エリカ:UPSIDER さんではほかにも独立人材をサポートするサービスを展開されているのでしょうか?

近藤:はい、全社の戦略としてひとり法人をはじめとする小規模企業に向けたプロダクトに力を入れています。たとえばひとり法人では法人口座の準備、仕訳処理、請求書の発行などをすべて経営者が行わなければならず、ビジネスインフラを整えるだけでひと苦労です。最近ではそうした方々が月額9,480円〜で経理作業を丸投げできる「UPSIDER AI 経理」というプロダクトも出しました。

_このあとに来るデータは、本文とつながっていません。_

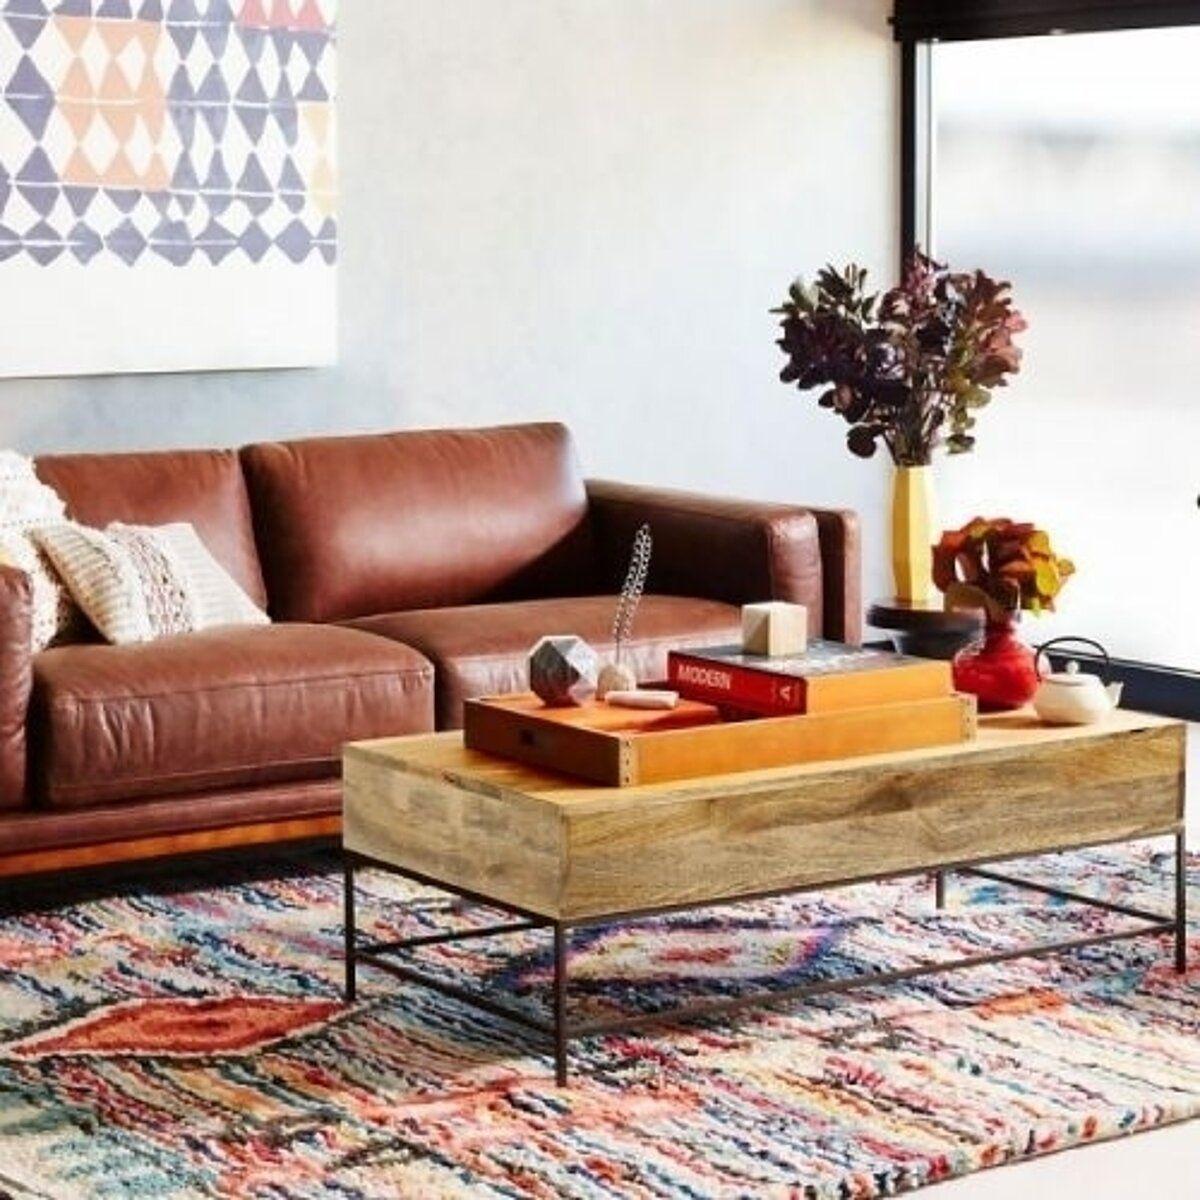 Saltoro Sherpi Mango Wood Coffee Table With 2 Drawers Brown And Black Coffee Table Wood Coffee Table Coffee Table With Storage [ 1200 x 1200 Pixel ]
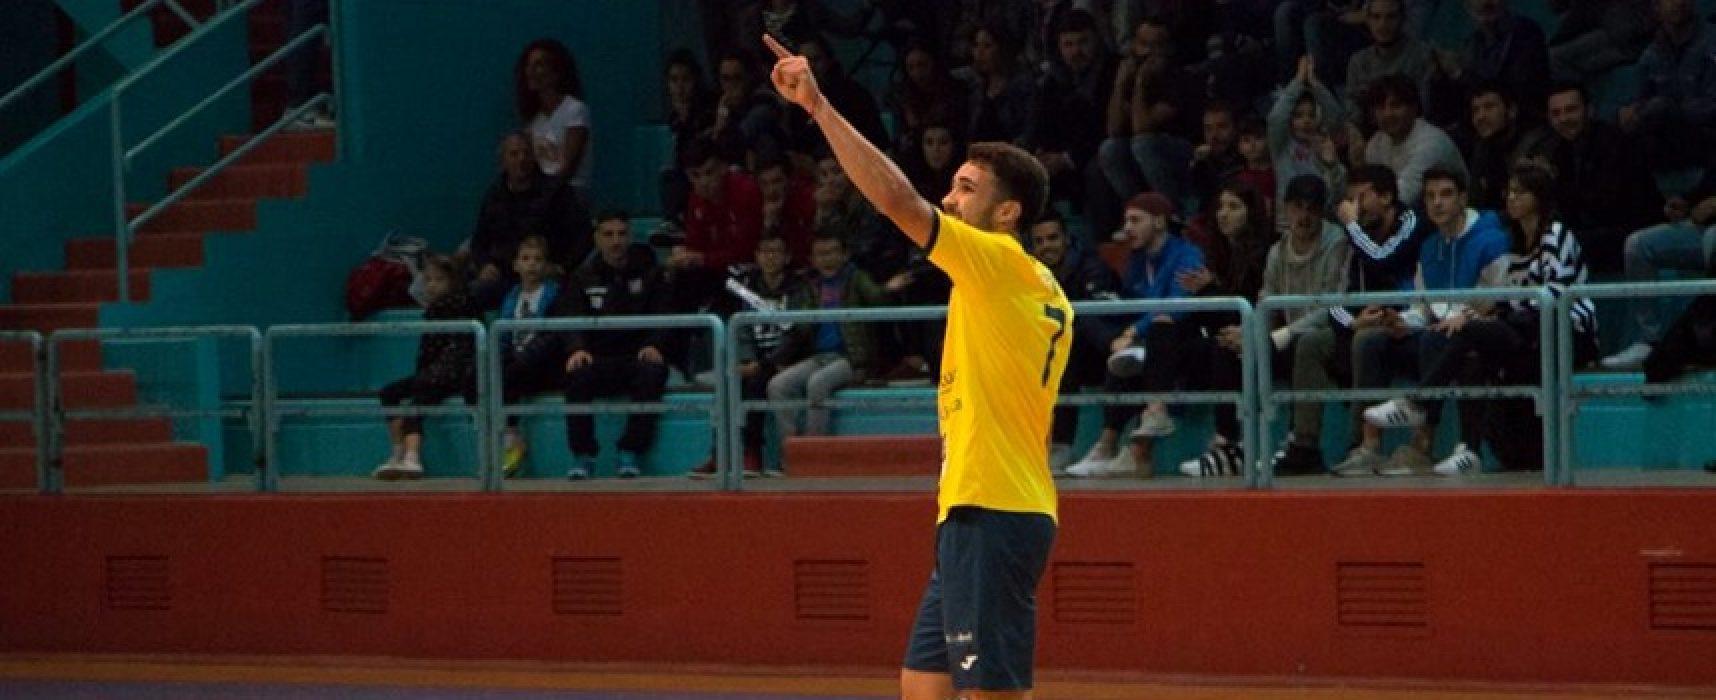 Salinis – Futsal Bisceglie 3-6 / HIGHLIGHTS VIDEO

ほかにも、「支払い.com」というサービスでは、BPSP(請求書のカード払い)にも対応しています。このサービスを使えば、支払いを最大60日遅らせることができます。

エリカ:それは心強いですよね。請負契約型のプロジェクトでは納品後に報酬がまとめて入金されるケースも多いですから。キャッシュフローに波がある状況は、独立人材ならよくあることだと思います。

近藤:これから先は、小規模な法人の経営者の方々をもっと幅広く支える取り組みも考える予定です。たとえば、本業に集中しやすいように、日々の資金管理や経費まわりをちょっと軽くできるような仕組みなどもイメージしています。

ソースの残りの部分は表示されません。